Они сами! Оленка, цветочек лазоревый, да какая ж ты умница! Даст Бог, все наладится, даже если те, кто будет разжигать костер или рубить черепа, и пойдут на каторгу! Главное, леших мы в Прогонной изведем – а дальше будем спокойно жить, любить хорошеньких женщин и зарабатывать деньги.

Ах, как все кстати, думал Федор, но, не успел проехать полдороги до крайнего домишки, как пришлось придержать коня. Навстречу ему, к Силычеву кабаку, валила толпа. Похоже, они уже все закончили, подумал он с тенью досады, но тут же рассмотрел возвышающегося над головами, как каланча, Лаврентия – а рыжий, улыбающийся, в одной рубахе, обнимающий свой неизменный скрипичный футляр, шел рядом с ним.

И деревенское дурачье гоготало, обмениваясь шуточками – вместо того, чтобы извести, наконец, нечистую силу под корень. Обсуждало развлечения в ближайшее воскресенье!
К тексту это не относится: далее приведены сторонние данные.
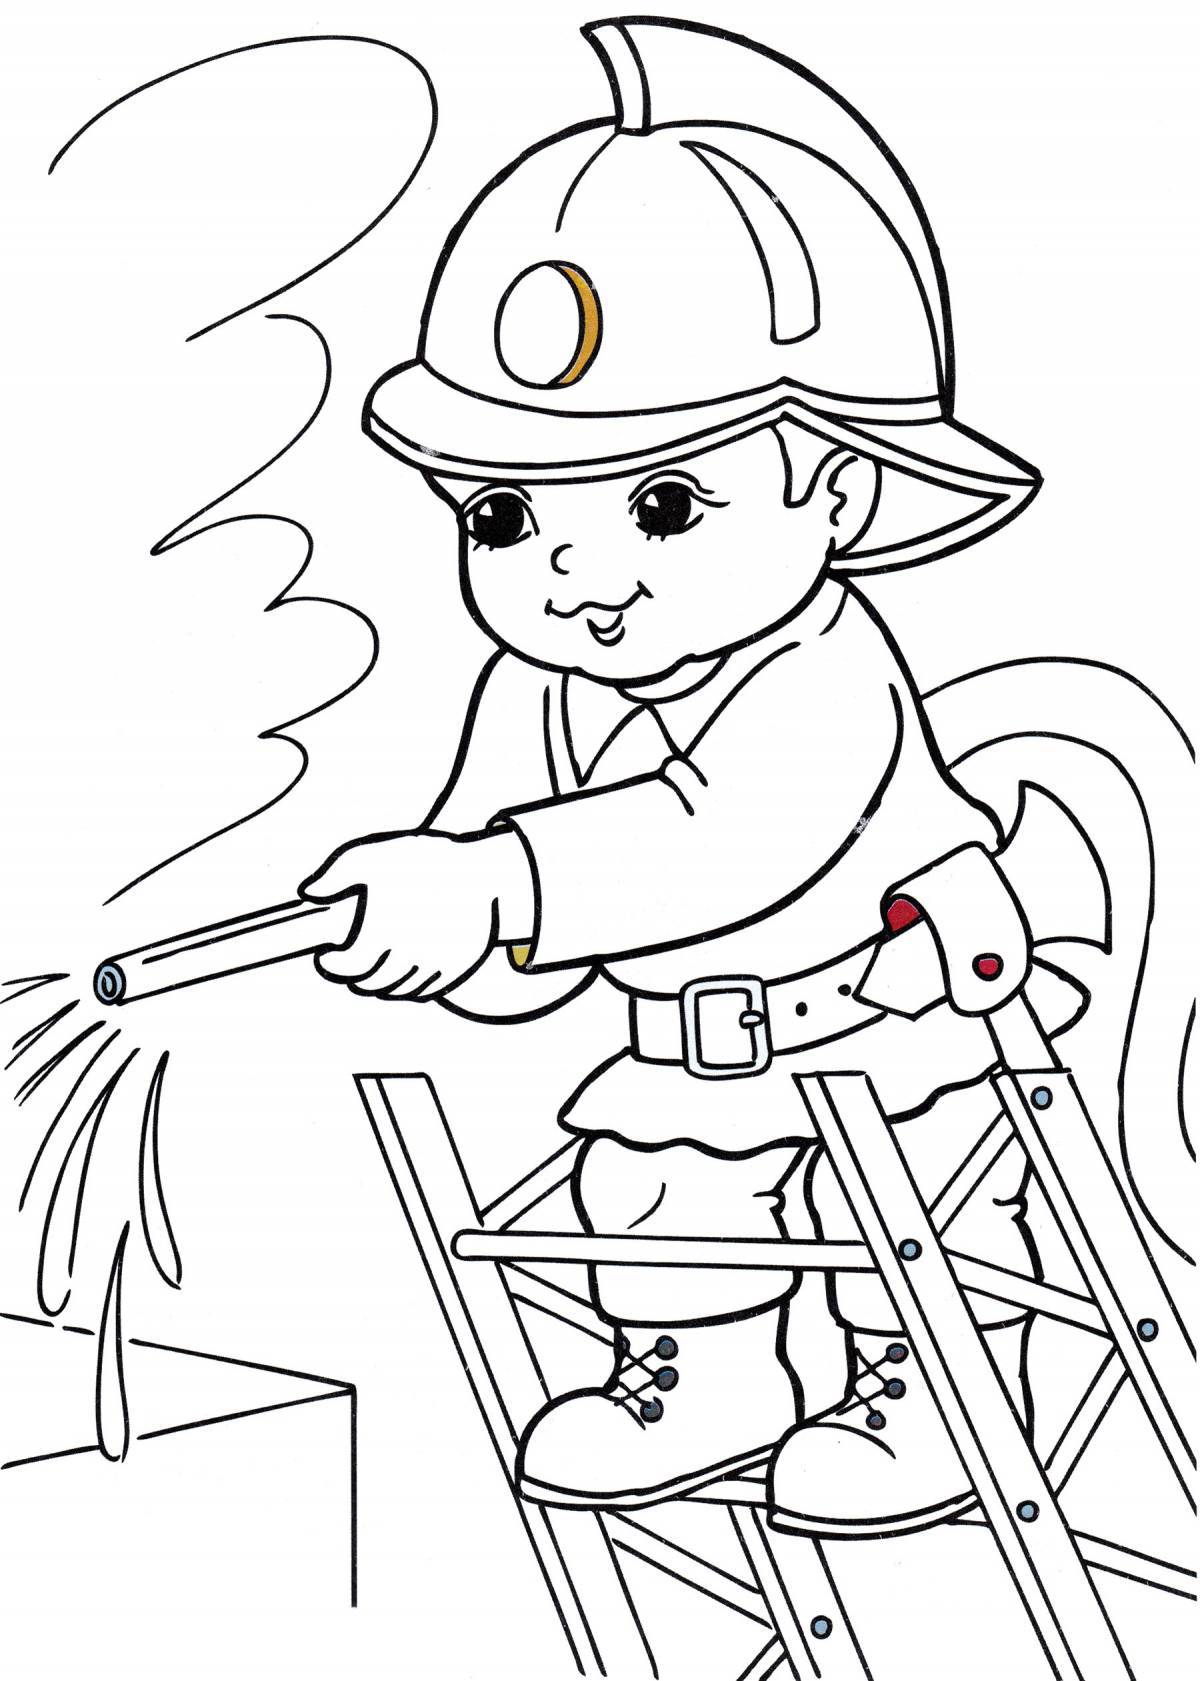 Colourful coloring pages of professions for children 6-7 years old

– И точно! И точно! – выкрикивал молодой мужик из соседней деревни, кажется, из Бродов. – Как в прошлом годе на Пасху: сойтися в овраге с двух сторон – наши супротив ваших, стенка на стенку…

– Да ну, – смеялся Лаврентий, – чай, жулить станете! Ты, Афанасий, даже не жди – я тоже супротив выйду, так ты мне на поодиначки не попадайся…

– Ты-то пойдешь, рыжий?

– Да куда ж мне деваться? – усмехнулся рыжий – и, остановившись, поднял на Федора глаза. – Здорово, Федор Карпыч. Душно-то как подле тебя… уезжал бы ты!

Федор осадил вороного.

– Что, мужики? – сказал презрительно. – Бесов слушаете, леших с оборотнями? Глаза они вам отвели, или креста на вас нет? Трусы! – и сплюнул на землю.